О собеседниках. К теме: «Баратынский и акмеисты»

  • Дата:
Источник:
  • Русская речь. 1997. № 4. С. 13-15.
теги: акмеизм

Предрассудок! Он обломок
Давней правды. Храм упал;
А руин его потомок
Языка не разгадал.

Е. Баратынский

И рушены древние связи...
М. Зенкевич

В своём эссе «О собеседнике» (1913) акмеист Осип Мандельштам упрекал символистов в эгоцентризме и пренебрежении к читателю. Цитируя знаменитое стихотворение Евгения Баратынского «Мой дар убог, и голос мой негромок...», поэт сопоставлял его со строками из стихотворения Константина Бальмонта «Я — изысканность русской медлительной речи...» и в результате приходил к неутешительному выводу: «Какой контраст представляет неприятный, заискивающий тон этих строк с глубоким и скромным достоинством стихов Баратынского. (...) Проницательный взор Баратынского устремляется мимо поколения, — а в поколении есть друзья, — чтобы остановиться на неизвестном, но определённом «читателе». И каждый, кому попадутся стихи Баратынского, чувствует себя таким «читателем» — избранным, окликнутым по имени...» (Мандельштам О. Э. Соч.: В 2 т. М., 1990. Т. 2. С. 147-148).

Апелляция к Баратынскому здесь глубоко не случайна. В противоположность символистам, всматривавшимся в окружающий мир, как в зеркало, акмеисты попытались вступить с действительностью в диалог «на равных», ощутить себя её неотъемлемой частью. Соответственно, с благодарностью оказалась востребованной поэтикой акмеизма главная тема стихов Баратынского — тема «таинства общения» (воспользуемся удачной формулой С. Г Бочарова — см.: Баратынский Е. Стихотворения. М., 1986. С. 9).

Несомненное влияние стихотворений автора «Сумерек» ощутимо в произведениях Анны Ахматовой, созданных после опубликования её первой книги «Вечер» (1912). «В поэзии Баратынского, — писал Б. М. Эйхенбаум в статье «Анна Ахматова», — я чувствую источник некоторых стилистических и синтаксических приёмов Ахматовой» (Эйхенбаум Б. М. О прозе. О поэзии. Л., 1986. С. 432).

Но ещё важнее, как представляется, отметить влияние стихотворений Баратынского на произведения поэтов, принадлежавших к адамистическому крылу акмеизма. В своё время этот сомнительного вкуса неологизм был истолкован как призыв «Назад к Адаму!» и справедливо уличён в примитивности и утопичности. Однако, как мы сейчас попробуем показать, для некоторых акмеистов адамизм означал, прежде всего, не возвращение к природе, а возвращение к диалогу с природой.
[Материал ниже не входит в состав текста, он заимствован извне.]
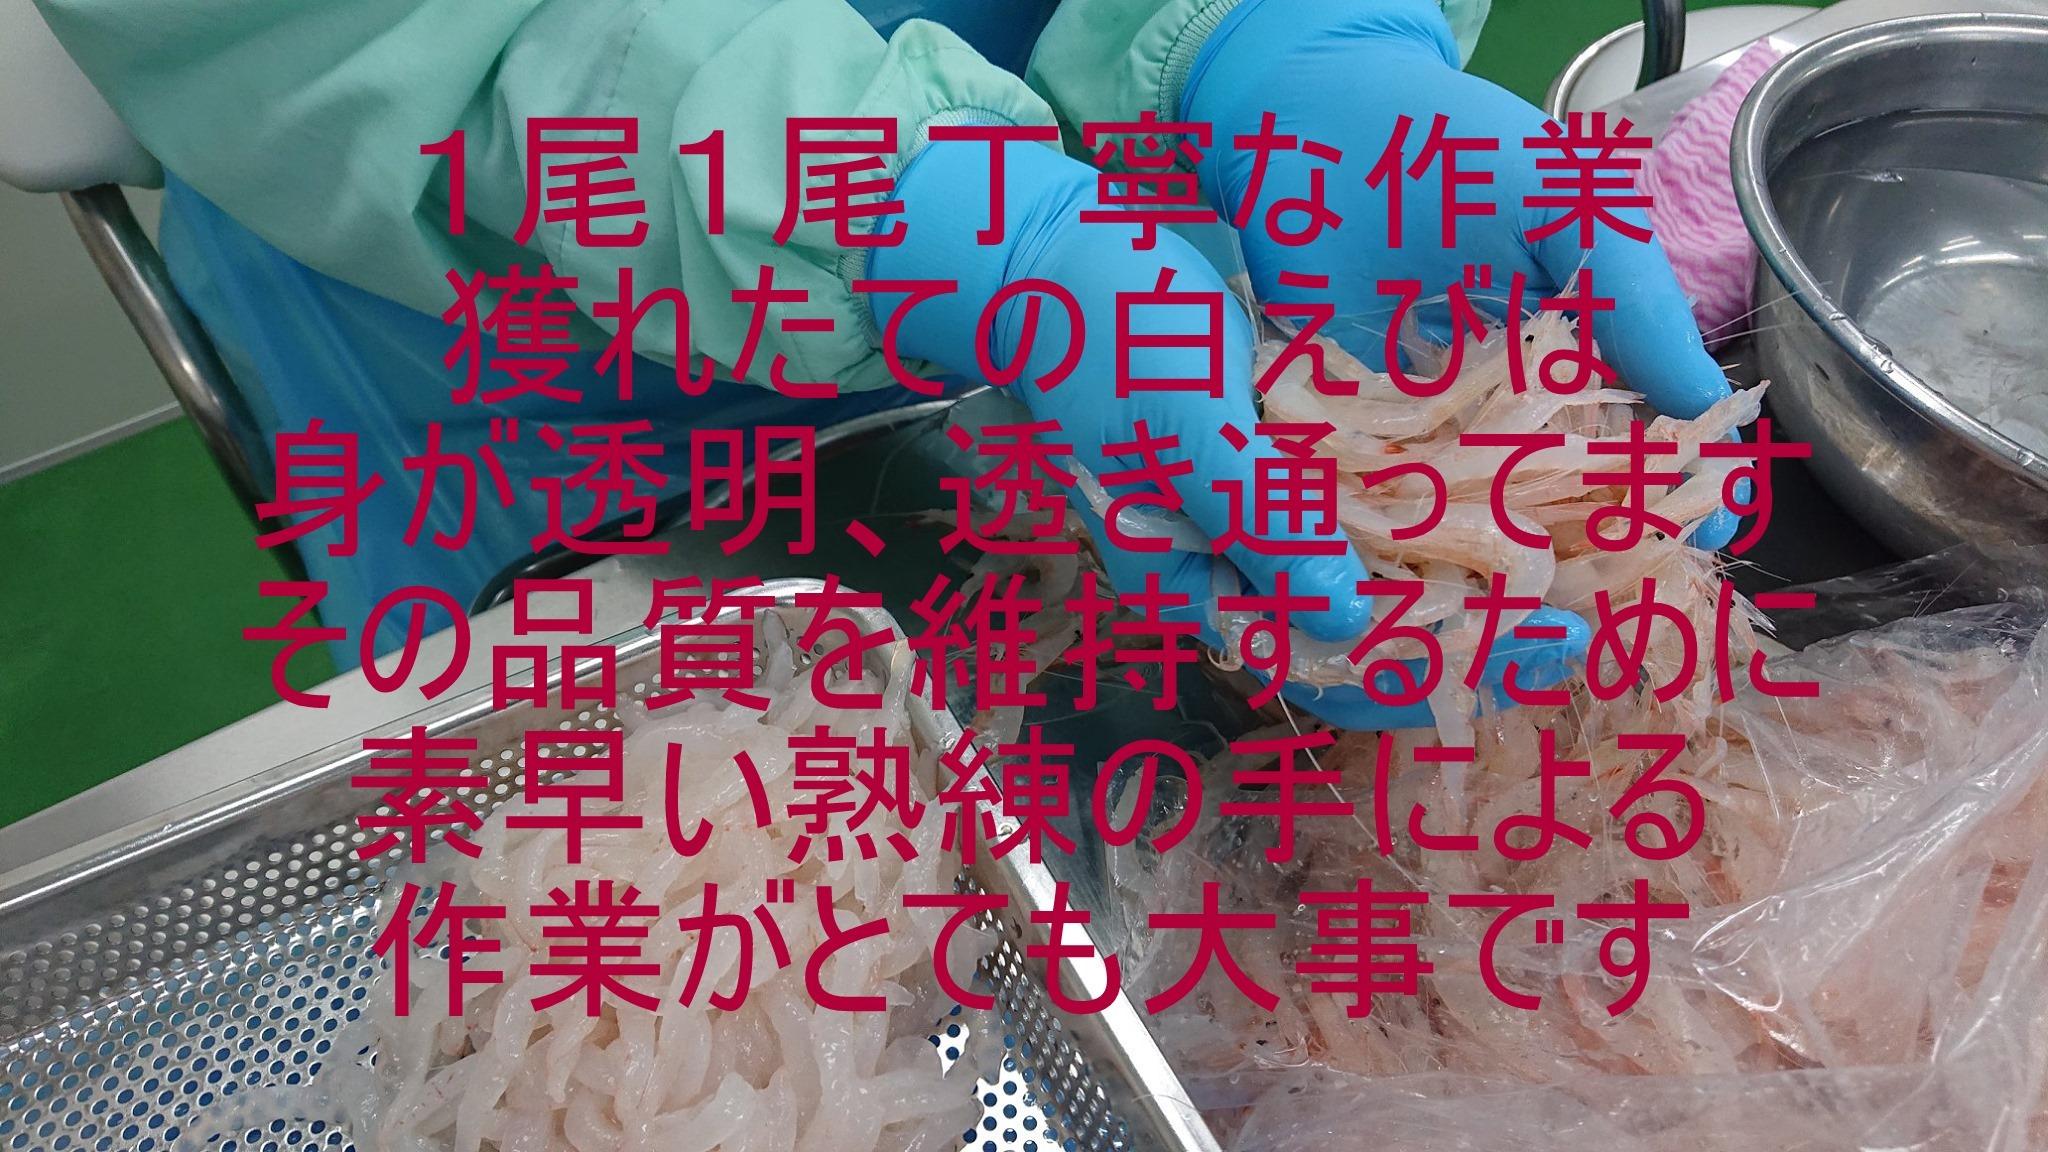 【一般のお客様大歓迎】231 富山湾産白えび刺身(冷凍) ミシュラン星付店御用達 最高級手剥き品  業務用200gP

Наиболее удачная и значимая попытка диалога с древней природой в духе Баратынского была предпринята в «адамистической» книге Михаила Зенкевича «Дикая порфира» (1912). Уже само это заглавие и эпиграф — строки из стихотворения Баратынского «Последняя смерть» (1827):

И в дикую порфиру древних лет
Державная природа облачилась

отчётливо указывают читателю на источник образности и философской концепции многих произведений книги. Однако современная поэту критика не обратила на заглавие и эпиграф «Дикой порфиры» должного внимания, отмечая, прежде всего, влияние на Зенкевича Валерия Брюсова и создателя «научной поэзии» Рене Гиля. Рецензент журнала «Путь» Н. Бернер даже обвинял Зенкевича «в явной подражательности, к тому же и дурного толка, В. Я. Брюсову» (Путь. 1912. № 8. С. 200).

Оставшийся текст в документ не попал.